Let me know, thanks guys.


----------



## RBTO

It's hard to say what is the exact cause of your problem. The fact that it happened during a move still gives me a gut feeling that it's something simple, but otherwise it could be a failed power transformer or something else in the power supply/amplifier. Personally, I would say it's worth a $50 shot to get an idea and estimate. When you find out the cause, check back here and there might be some suggestions. Again, it could be something pretty basic, but don't want to raise your hopes.
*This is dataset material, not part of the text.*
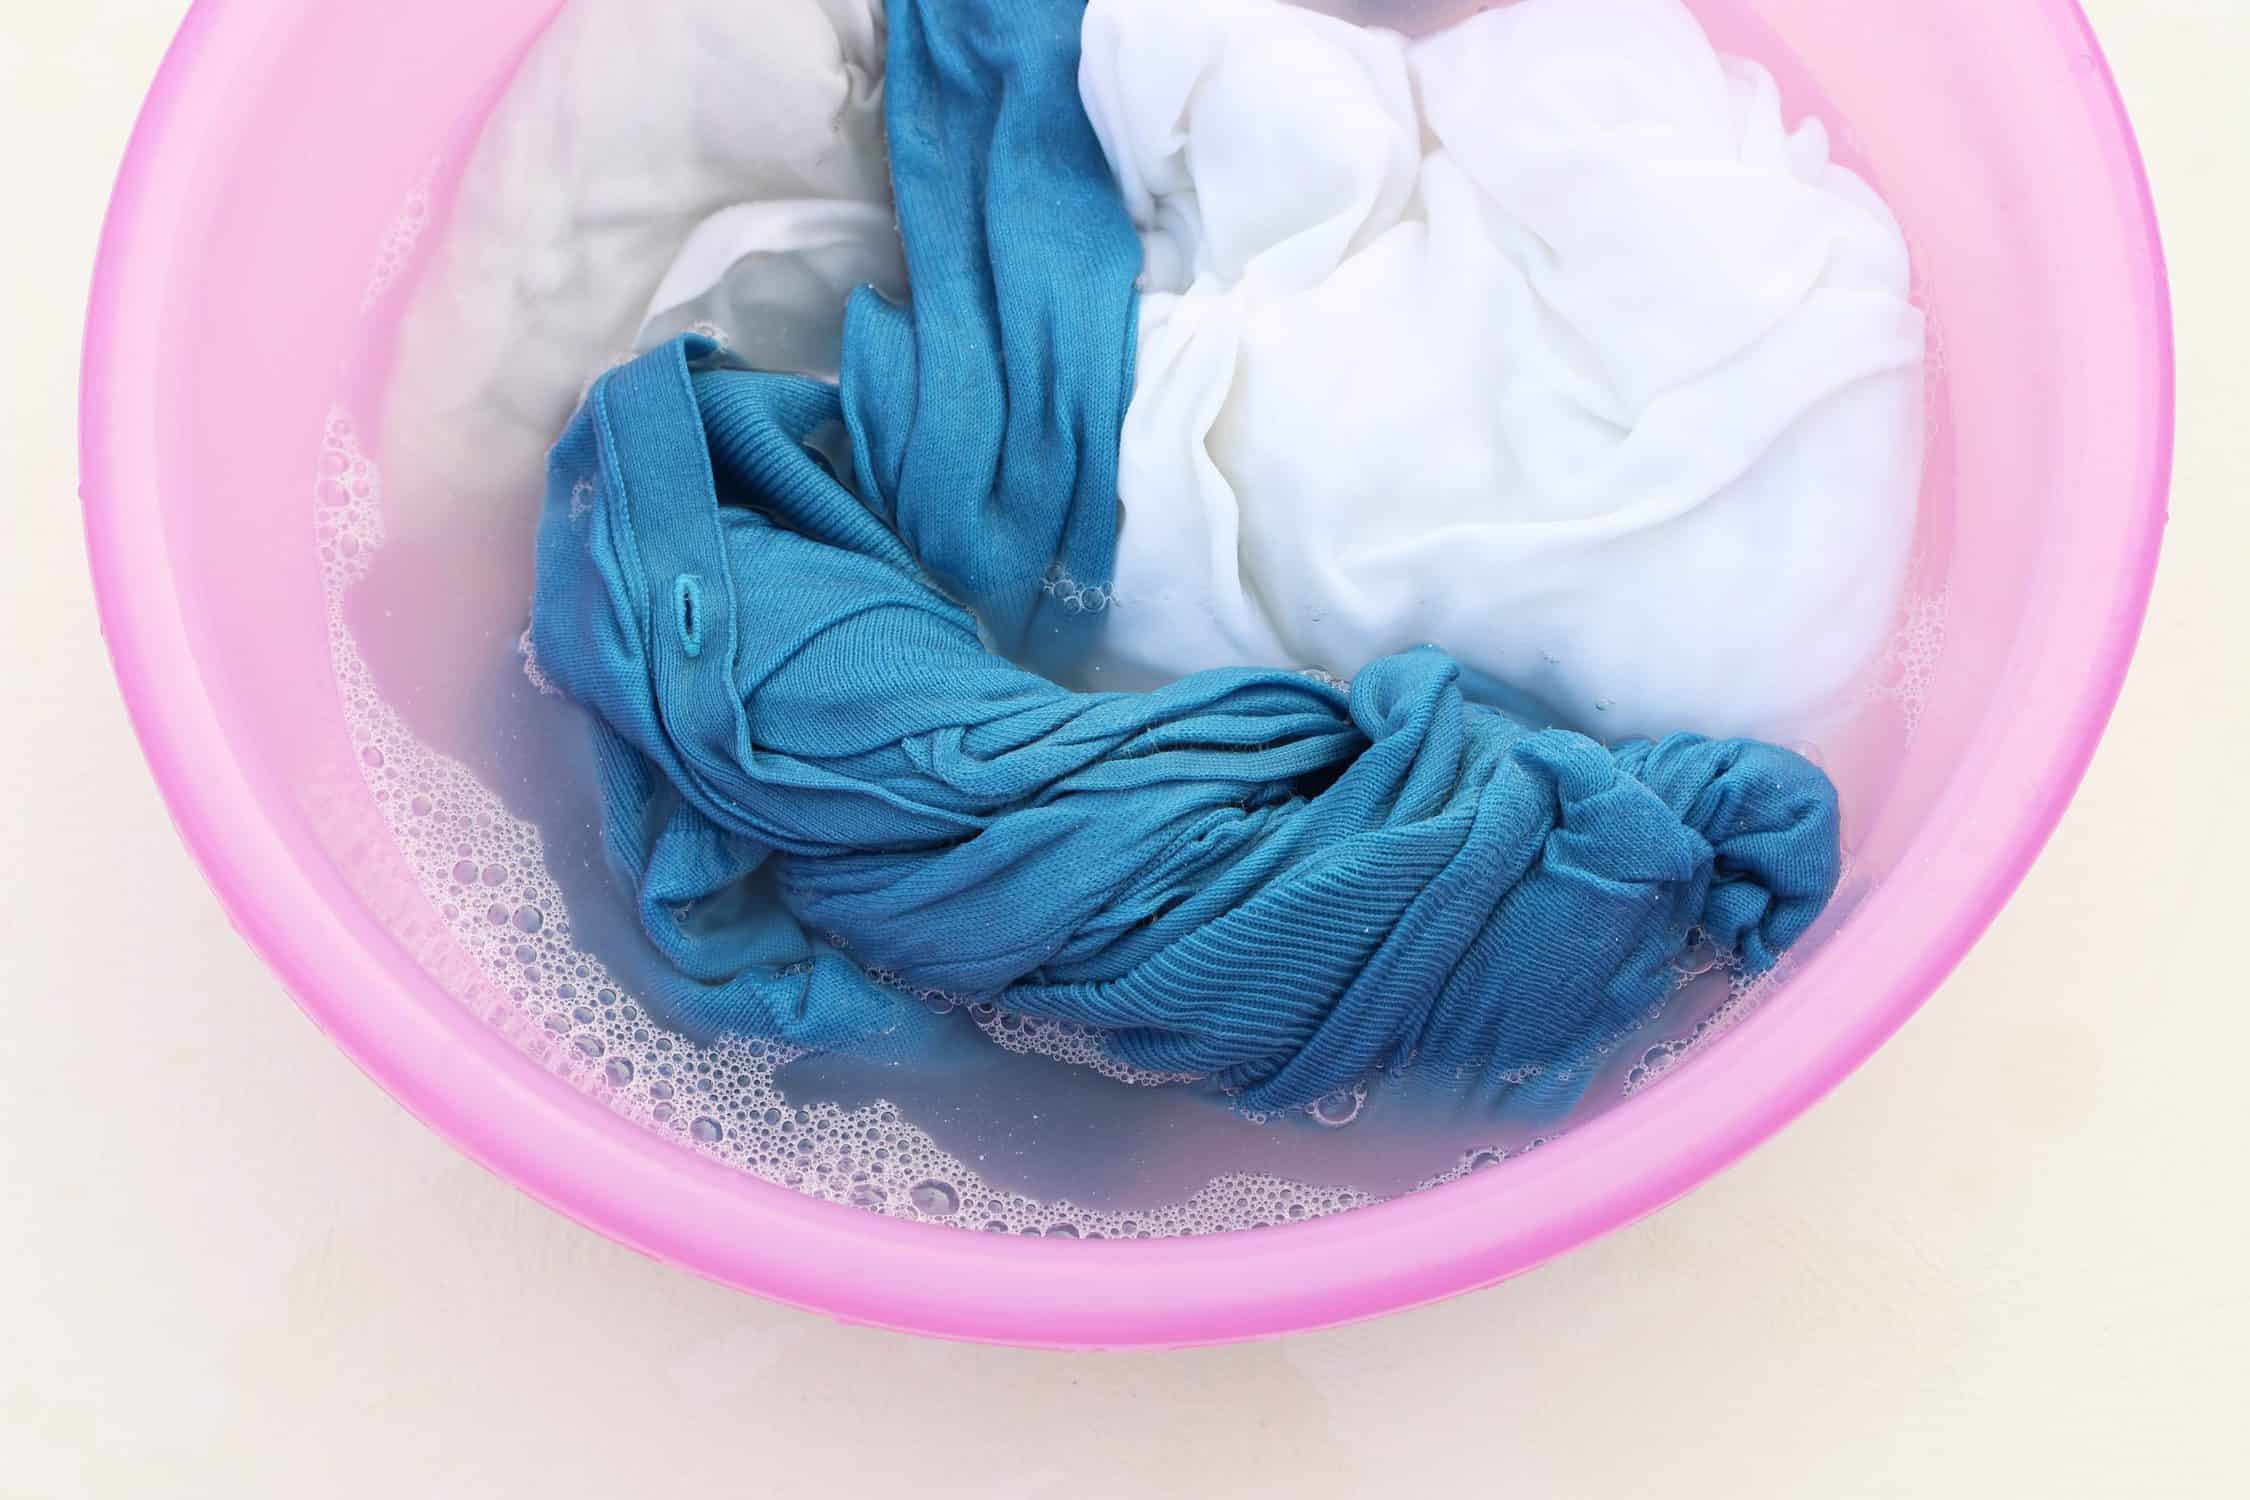 scrubs soaking in cold water to remove stains

Even if you get a new one, you might want to hold onto this one in case you get it fixed at some future time since you can have dual subs for a better fill of your soundspace - good for spare parts too.


----------



## fmw

RBTO said:


> It's hard to say what is the exact cause of your problem. The fact that it happened during a move still gives me a gut feeling that it's something simple, but otherwise it could be a failed power transformer or something else in the power supply/amplifier. Personally, I would say it's worth a $50 shot to get an idea and estimate. When you find out the cause, check back here and there might be some suggestions. Again, it could be something pretty basic, but don't want to raise your hopes.
> 
> Even if you get a new one, you might want to hold onto this one in case you get it fixed at some future time since you can have dual subs for a better fill of your soundspace - good for spare parts too.


I think it is likely that the subwoofer amplifier's power supply has failed. It is very common on subs that are more than 5 or 6 years old. If you are handy enough to check a fuse, you are probably handy enough to replace the plate amp in the sub. It isn't all that hard to do.


----------